━━ RECORD SET ━━

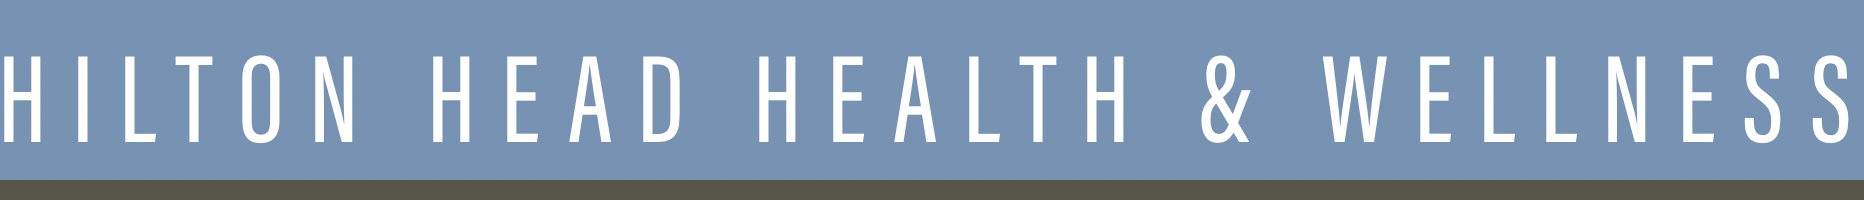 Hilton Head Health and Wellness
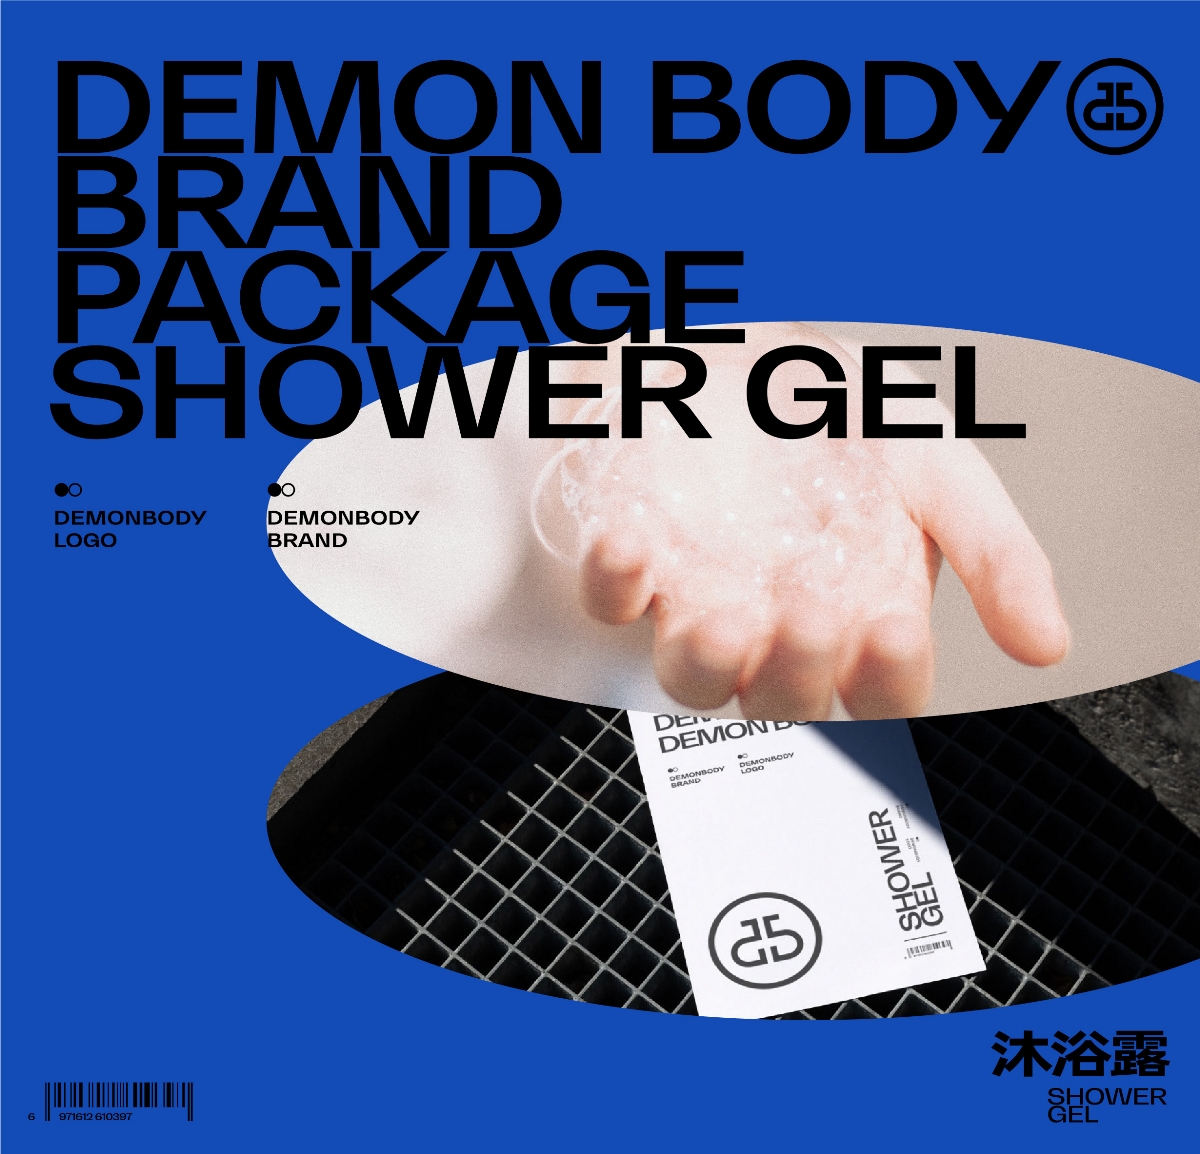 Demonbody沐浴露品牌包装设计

━━━
━━ RECORD SET ━━

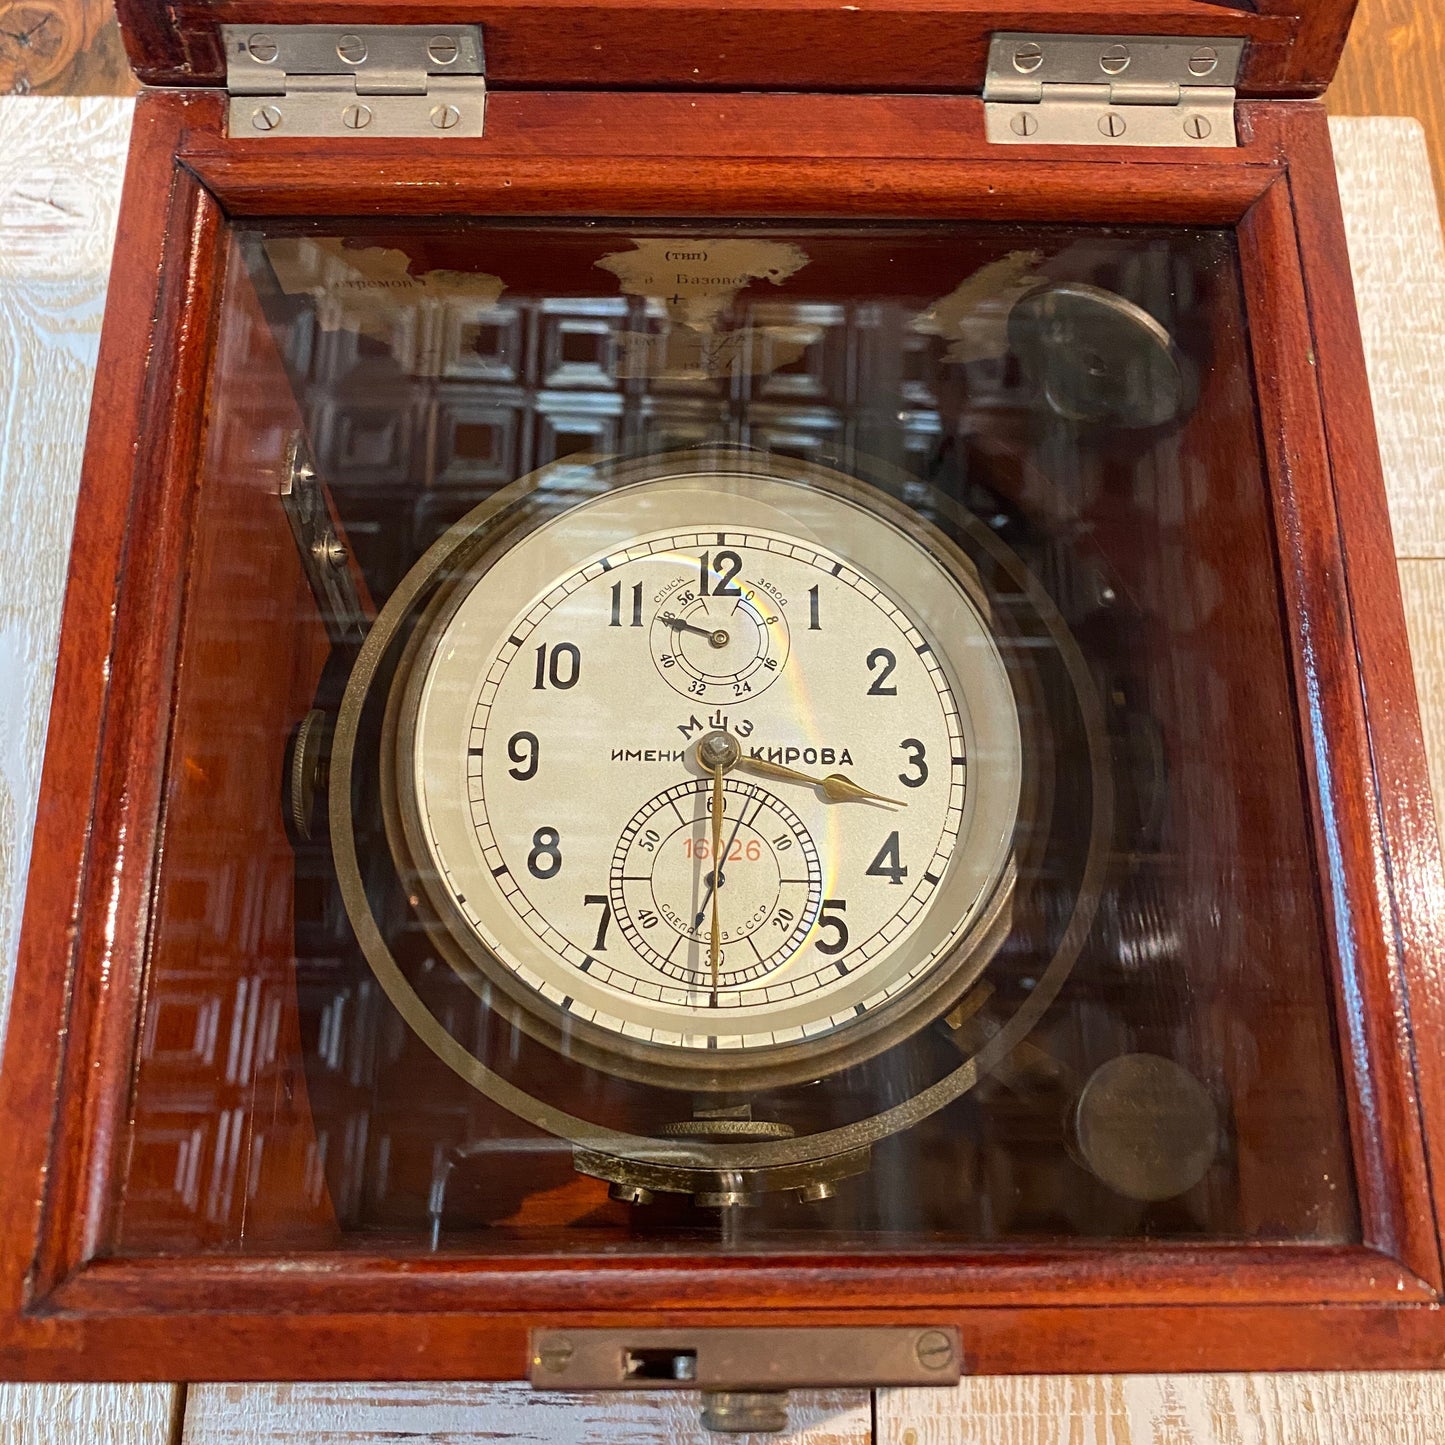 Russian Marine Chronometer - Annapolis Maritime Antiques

━━━

• [WHAT TO WORK ON] Skip every picture, and restate word for word only the lines above from the line containing "Hilton Head Health and Wellness" to the line containing "Demonbody沐浴露品牌包装设计", both of them included.

• [ANSWER TO THIS TASK]
 Hilton Head Health and Wellness
 Demonbody沐浴露品牌包装设计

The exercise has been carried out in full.